Although El Clon has many characters with different stories, the main story of interest is that of protagonist Jade, who is played by Spanish actress Sandra Echeverria. Here is a brief summary of events so far: Jade, an Arab Muslim woman living in Miami, Florida, moves to Morocco to live with her Uncle Ali after the sudden death of her mother. Abhorred by his niece’s western ways, Ali compels Jade to read Qur’an and get married as soon as possible to Said, a man she does not know. Jade, however, is in love with a young man, named Lucas, who came to visit her Uncle’s house and who saw her, mistakenly, while exploring Ali’s home. Jade tries numerous times to escape with Lucas, but she is eventually forced to marry Said and accept her destiny.
The opening credits of the show establish a theme. Jade and other women are seen belly dancing in a harem-like setting, then all of a sudden the costumes and scene change and they are dancing with men in a crowded Miami club. The music continues as she moves between these two worlds, creating a contrast between “East” and “West,” Islam and the “Modern World.”
The characters’ speech and actions reinforce this perceived dichotomy. In a conversation between Lucas and his godfather, his godfather says, “For us love is very natural, but for Muslims it is not. Here the women are not in love, they are in the house.” They even show that two men, one from America and one from Morocco, differ in their views regarding respecting women. For example, at one point Lucas says to Ali, “You are able to take four wives at a time. Where is the respect in that?” Ali replies, “Yes, we are allowed to take four wives, but only if you are able to maintain all of them and if you know your wives and if all four have the same rights. You guys only recognize one legitimate wife, but you have as many (women) as you want in secret and you say that you respect women more than us.”
This conflict between Islamic values and the “Western world” continues throughout the show as covered Muslim women are juxtaposed against scantily clad American women. Even though Jade is an American Muslim woman, the show depicts her as an “other” in American society. She is therefore categorized simply as a Muslim woman, allowing her character to be placed in the middle of this conflict. In one scene, Jade is sitting at a bus stop wearing a loose hijab and the image directly behind her is an advertisement featuring a woman in lingerie. Almost every American woman pictured on the show has an exaggerated air of sexual liberation, assumingly to show American women in sharp contrast to Muslim women.

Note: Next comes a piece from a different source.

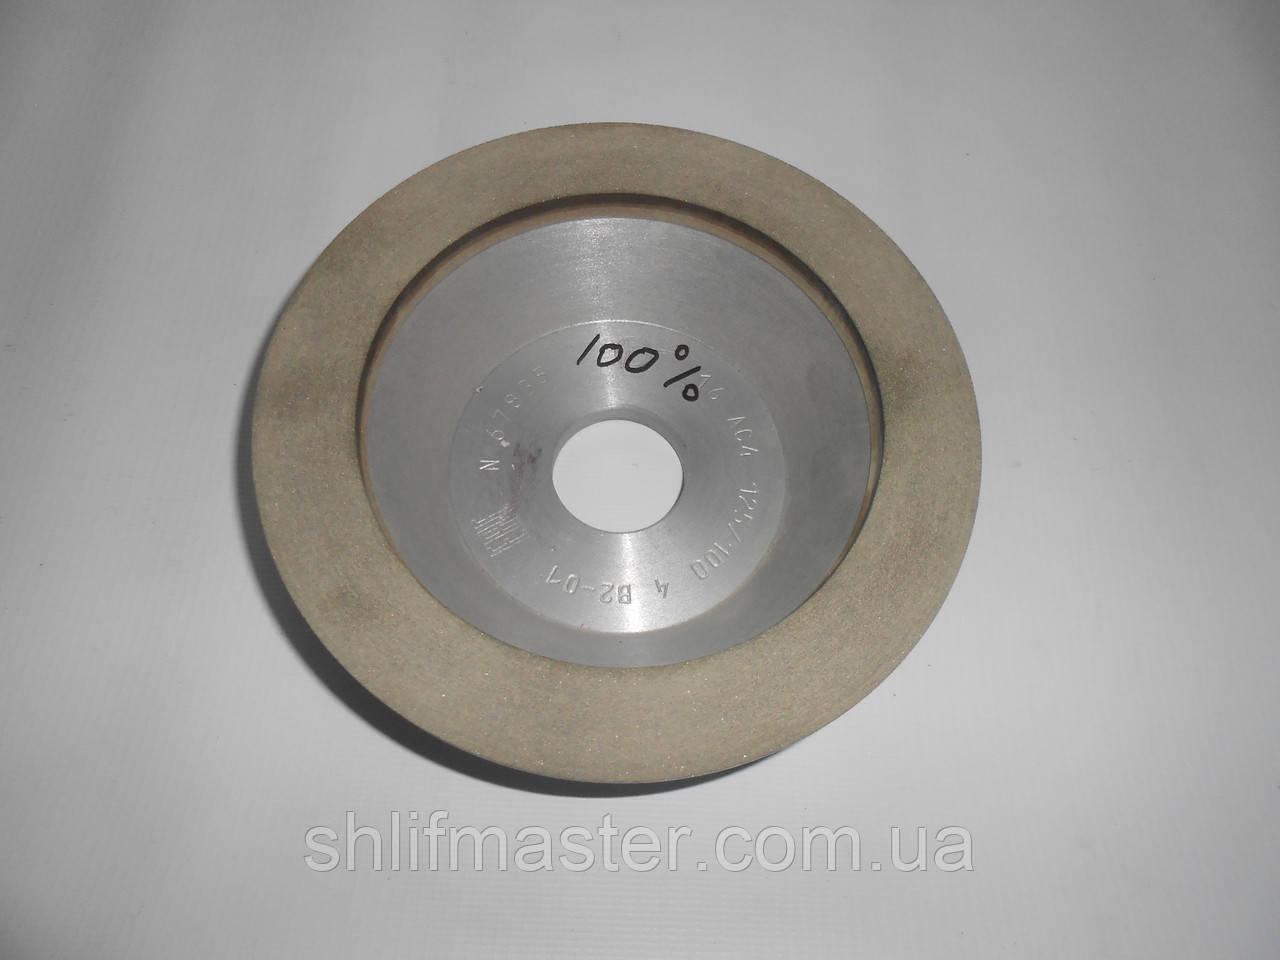 Круг алмазный шлифовальный чашечный 12А2-45 100х10х3х20 100 % зёрна:100/80;125/100;160/125

This is not to say that the Muslim women on the show are always covered up and devoid of sexuality. On the contrary! It seems like owning a belly dancing costume and knowing how to belly dance are criteria for Muslim women. The show portrays Muslim women as only able to act freely within woman-only spaces or when doing so in service to men their husbands or otherwise.
In the show, belly dancers come to dance at Ali’s home for Ali, Said, and Said’s uncle. The constant depiction of Jade and Latiffa (Jade’s cousin) as overtly sexual in private while maintaining a public image that is void of any sexuality lends itself to the never-ending mantra of the “exotic” and “sensual” Muslim woman and the fantasies of what’s “under the veil.”
Jade and Latiffa are the typical victim prototypes: forced into marriage, spoken for by men, and most often secluded or limited to women-only spaces, such as the home. Jade, in contrast to Latiffa, struggles to accept the rules forced upon her, and embodies the perceived struggles between what are depicted as “Islamic values” (read: cultural stereotypes) and American values. She even seeks the help of Christina, Lucas’ Western friend, who tells Jade that if Lucas makes her happy then she should leave her family for him and forget her religion and principles. The scene is overwhelmingly reminiscent of the rhetoric of American women “saving” Muslim women from oppression, with the American woman pictured as having sexual agency and autonomy.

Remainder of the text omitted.